В сейфе лежала ровная стопка серых папок. Я потянул верхнюю и раскрыл ее. Мое фото. Мое имя. И дата смерти — 22 октября 2037 года. То есть вчера. Я наспех пролистал досье. Выписки из медицинской карты, справки о прививках, затем — запись о поступлении на лечение в клинику Шварцвальд, поставленный диагноз и назначенный курс лечения. И — самое интересное: «К. Фогель скончался в результате несчастного случая — пренебрегая правилами безопасности, он по неосторожности упал с лестничного пролета и получил множественные переломы и травмы, несовместимые с жизнью», — буквы так и прыгали у меня перед глазами.
Между тем Дита вытянула следующее досье. Я глянул и похолодел: на фотографии был Роб — обритый наголо, немного осунувшийся, но широко улыбающийся. Я оторвал квадратик фото и сунул в карман.

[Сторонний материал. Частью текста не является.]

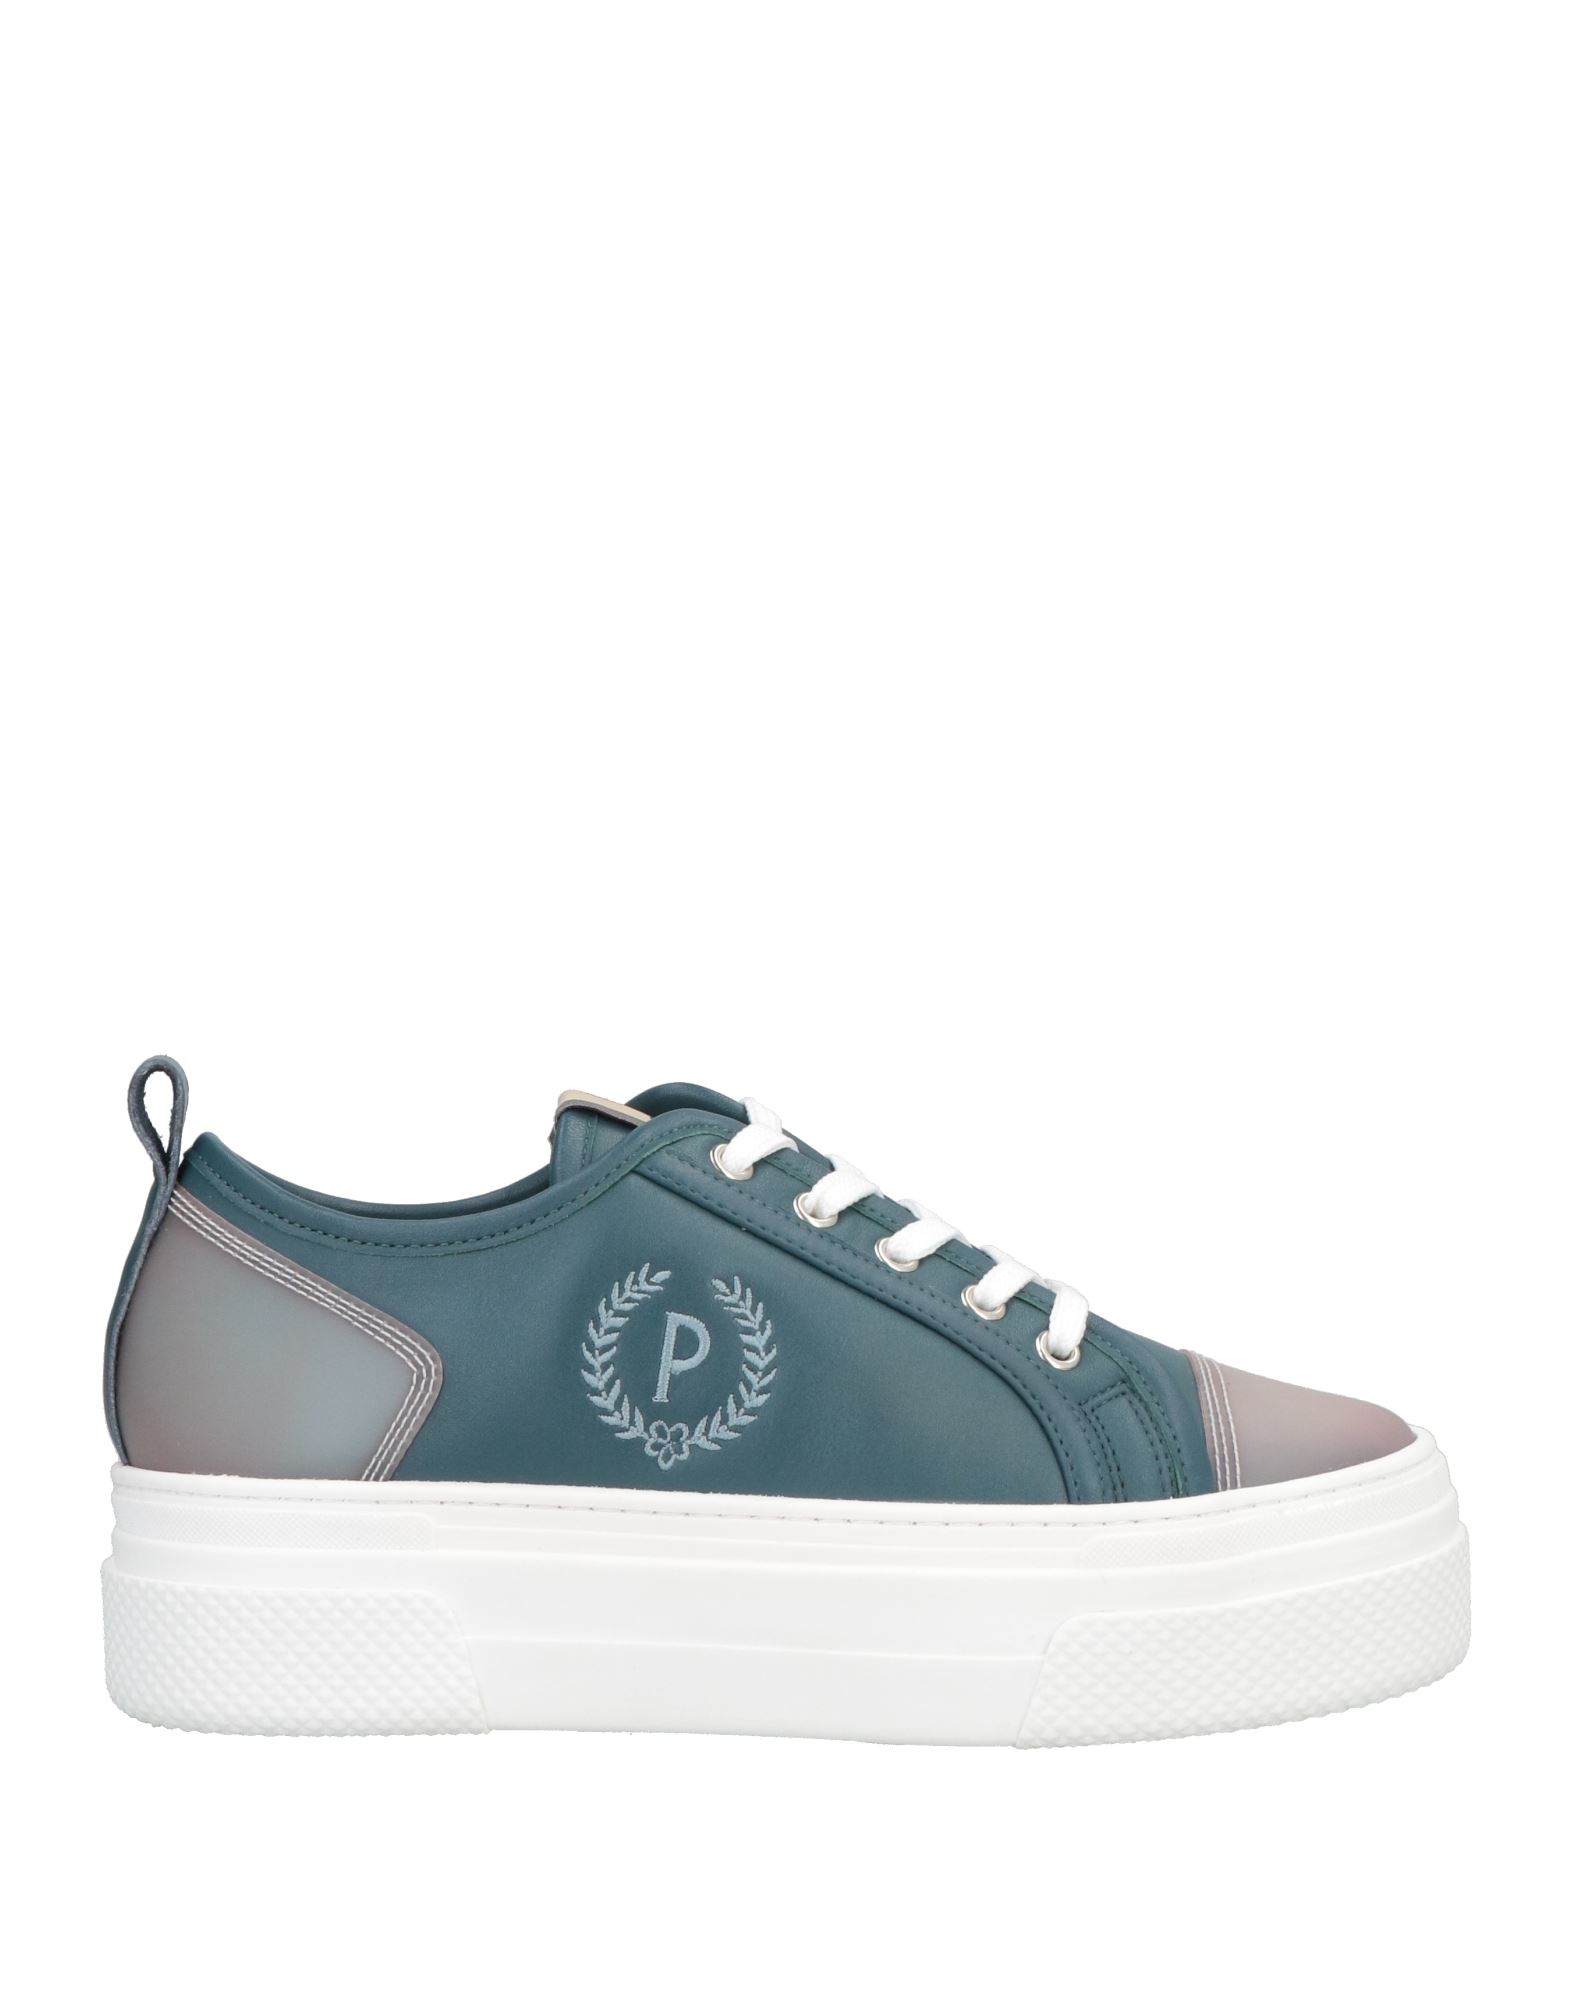 Pollini Sneakers In Light Grey

— Ладно, нам пора. Скоро светает, — заторопилась Дита. — Скорее клади досье в сейф и возвращаемся!
Пока она забиралась в короб к своему медведю, я захлопнул сейф и расставил книги на стеллаже. А потом взял со стола стеклянный футляр с корабликом и жахнул его об пол. Мелкое крошево разлетелось по паркету.

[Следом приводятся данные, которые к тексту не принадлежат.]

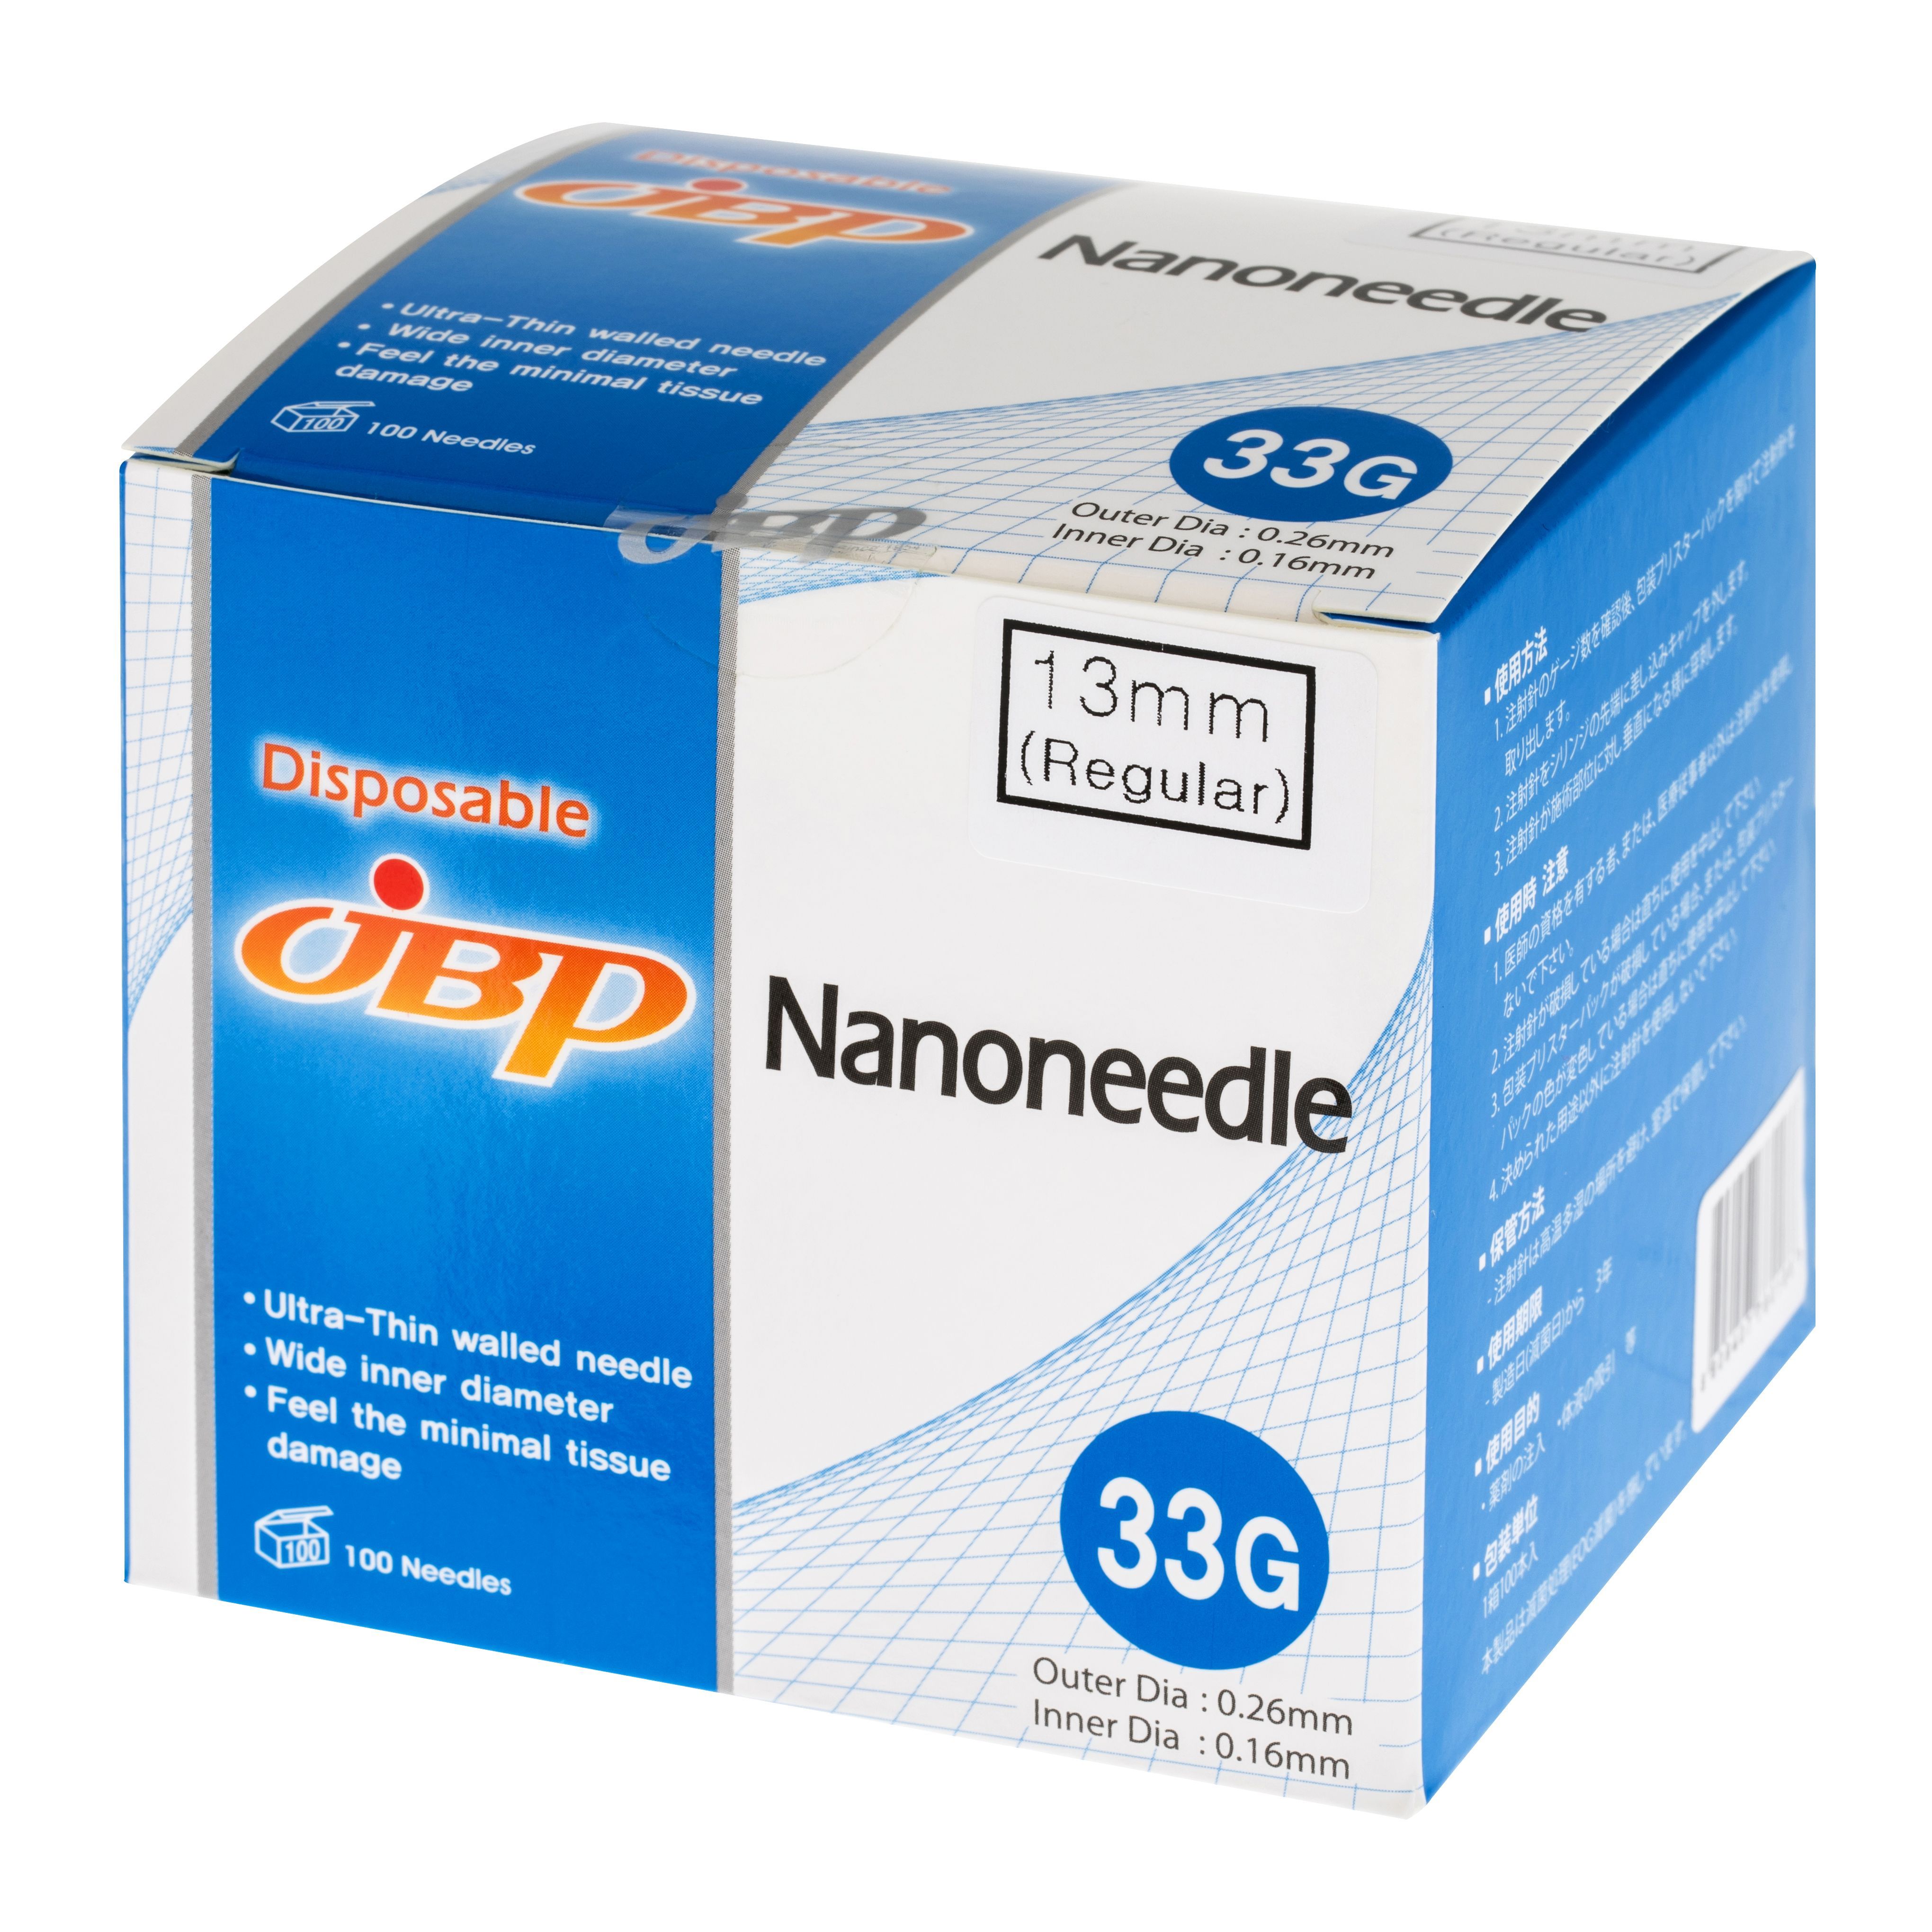 Нано иглы. Nanoneedle JBP 33g/4. Наноигла 33g / JBP Nanoneedle 33g (4 мм) 1 шт. Иглы для инъекций Nanoneedle 34g 4. Иглы (Nano Needle, dispossable Needle).

— Ты с ума сошел?! — зашипела Дита, ошалело глядя на меня. — Решил весь замок на ноги поднять?
И мы дали деру. Каким-то чудом нам удалось незамеченными проскользнуть по темным переходам замка. Когда мы наконец забрались в башню, небо на востоке уже начало светлеть.
— Четвертый час! — ахнула Дита, взглянув на часы. — Шалость удалась. Ну все, я спать!

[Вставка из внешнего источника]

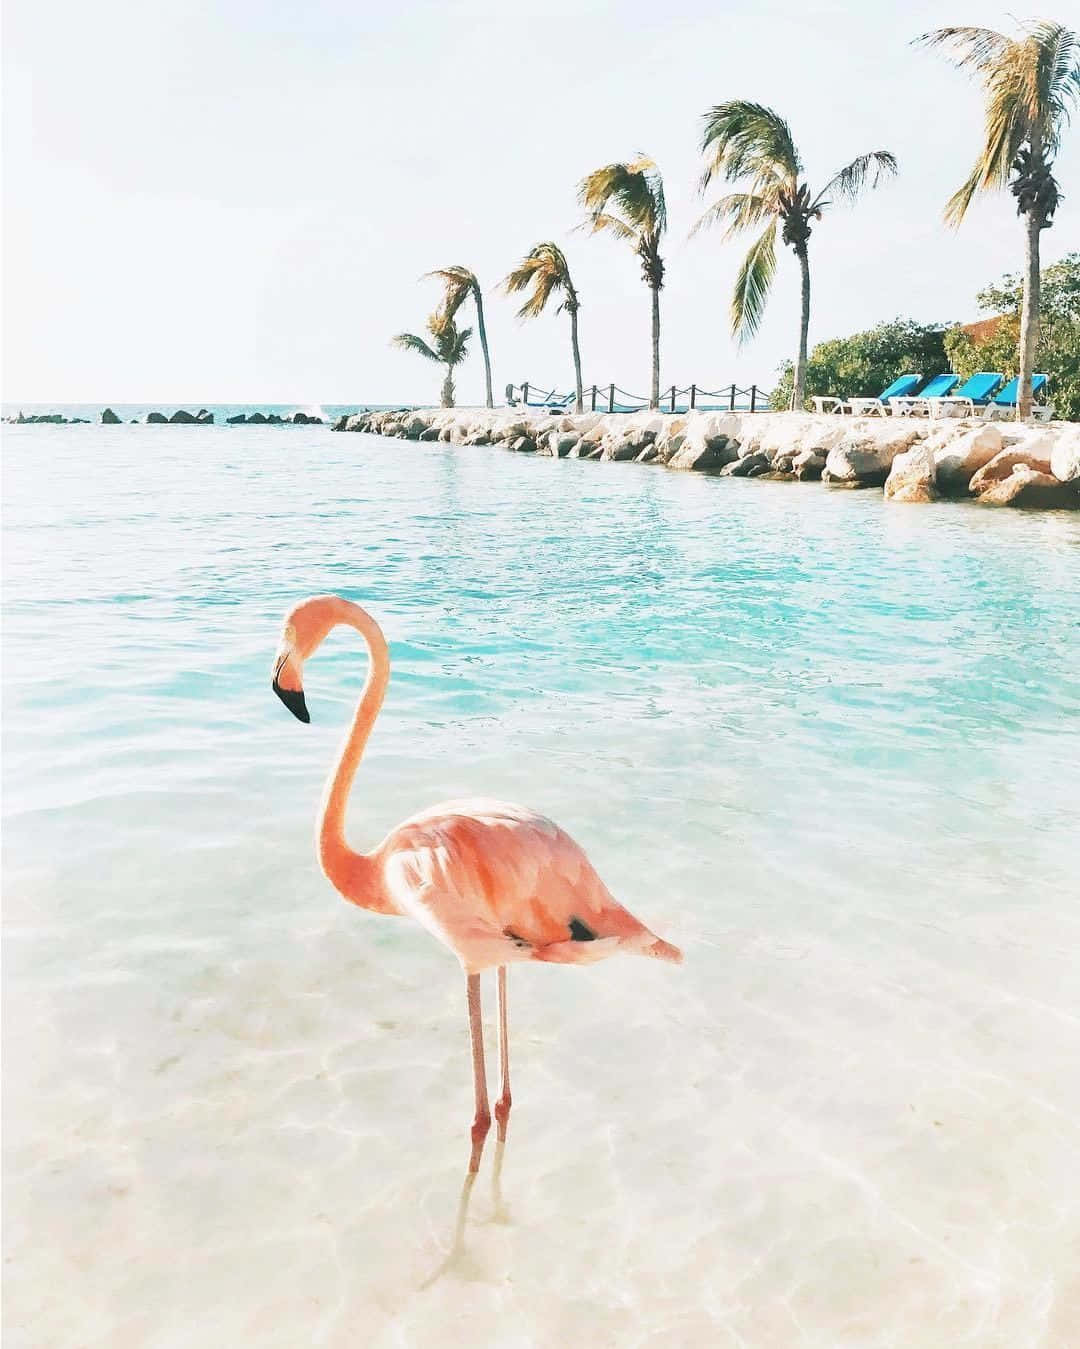 Imagemde Um Belo Flamingo Rosa Em Seu Habitat Natural.

У меня и самого глаза просто слипались и ноги подкашивались от усталости — особенно, если вспомнить, что забираться на эту верхотуру пришлось по сотням стертых ступеней. И как только у Гуннара хватает терпения целыми днями топать туда-обратно, выполняя малейшие капризы неуемной пигалицы? Из чего он вообще сделан — из стали? С этой мыслью я и уснул, и видел во сне, как Гуннар-Железный Дровосек несет маленькую спящую Элли на руках через бескрайнее поле, усеянное пламенеющими маками. А в двух шагах от них бесшумно движется сквозь заросли Лев, и его глаза горят, как два бесценных изумруда. Он выследил добычу и наслаждается осознанием своей власти.
Когда я проснулся, солнце уже заливало комнату ярким светом. Дита, сидя на высоком стуле у окна, держала на коленях альбом и быстро водила карандашом.
— Что ты рисуешь?
— Вид из окна.
— Но ты же почти не смотришь.
— За пять лет, что я провела в башне, я успела запомнить его до мельчайших деталей. Так, что смогу нарисовать с закрытыми глазами — в любое время года, утром, в полдень или в полночь, в погожий день, как сегодня, или в ненастье.
Я подошел и заглянул из-за ее плеча. Это был еще только черновой карандашный набросок, но и в нем угадывалось почти фотографическая точность. Я невольно вспомнил рисунки Анники — быстрые и легкие, как полет бабочки. Один причудливый росчерк, непрерывный, как линия жизни.